News
International Holocaust Remembrance Day
D&I Volunteer Contributor: Pamela Narins
“Those who fail to learn from history are condemned to repeat it.” – Winston Churchill
It’s hard to teach history, because it’s always positioned as a dead thing, something from a long-ago past. For me though, given my particular vantage point, the horrors of WWII were always very close at hand. It wasn’t an ancient history thing (even though I was born well after it ended). It was an active and material presence. And even for my children, who were born in this century, we made an intentional decision to ensure those events were taught, understood and felt.
However, I know that most people don’t have my background, and for many, stories of the Holocaust are ancient history at best (and things I dare not even contemplate, at worst).

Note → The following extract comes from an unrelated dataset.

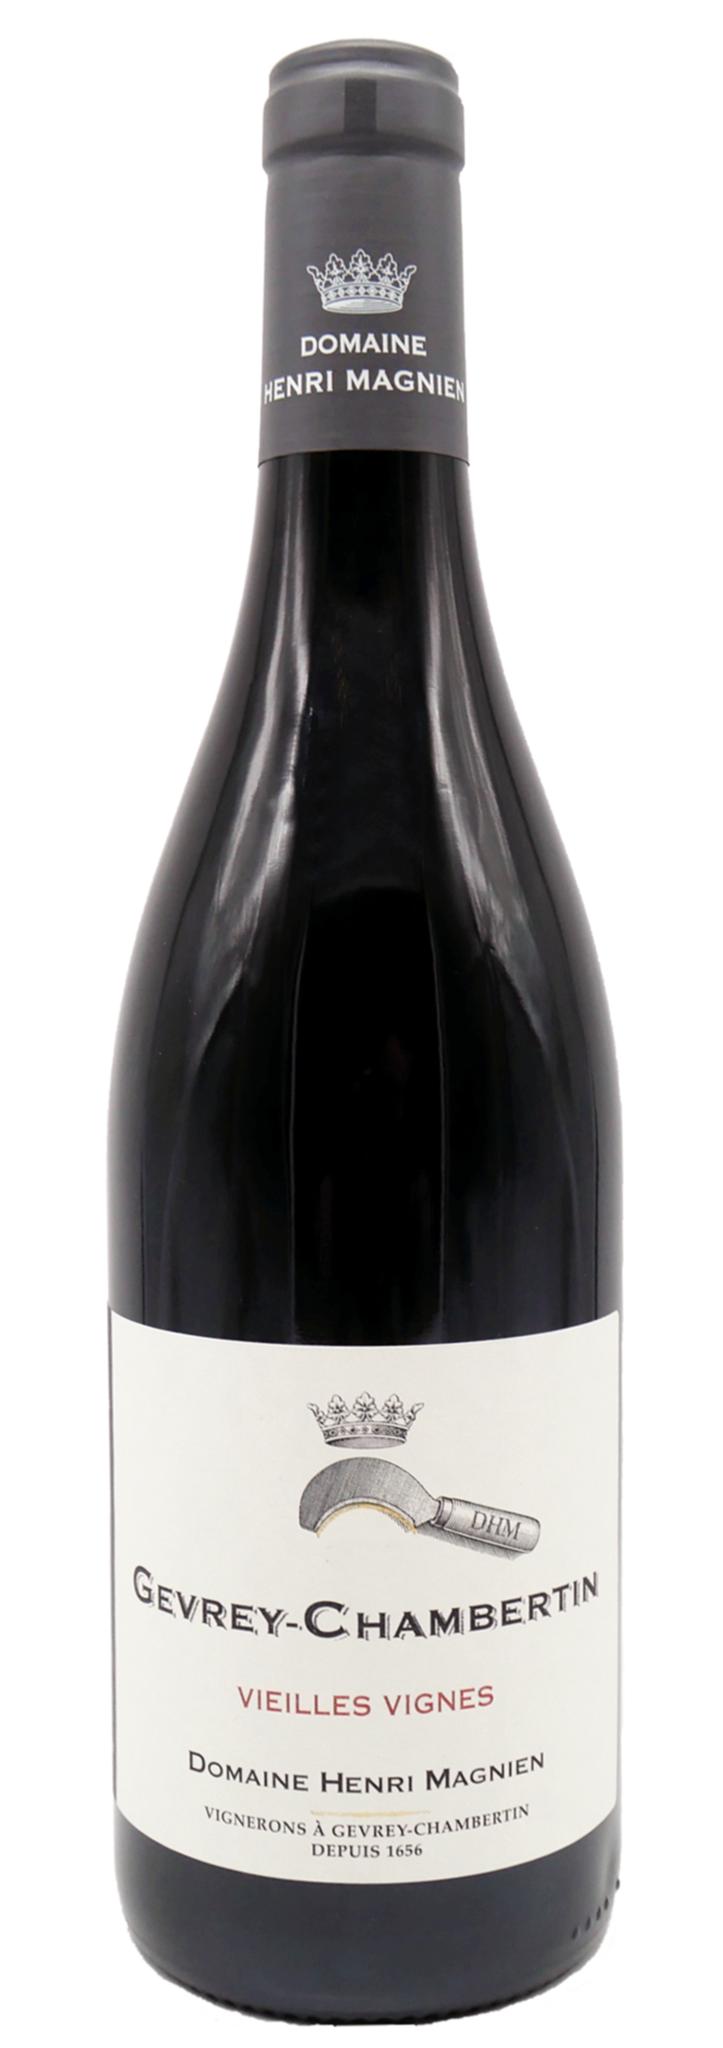 Magnien, Henri - Burgund 2019 Gevrey-Chambertin Vieilles Vignes, Domaine Henri Magnien

That’s what was so interesting to me about Eva’s Story:
It took a modern view of events that took place in the last century. It supposed Eva to be a familiar girl, with an Instagram following, living her life and sharing her experiences with her friends. As the world closed in on her, she documented the step-by-step, “this can’t be happening” aspects of the world’s descent into madness. All told from the vantage point of a recognizable, even universal girl, who had had real hopes to grow up in a world she recognized.
In a time when newsreel footage is as relatable as sepia-toned pictures from the Wild West, and when the average attention span has plummeted to goldfish levels (this is actually a true thing), Eva’s Story made something that is easily dismissed feel immediate and present. It brought a nightmare to life in a way that could conceivably allow more people to relate. And it’s ONLY in that relatability that the promise of “never again” for all people can potentially be realized.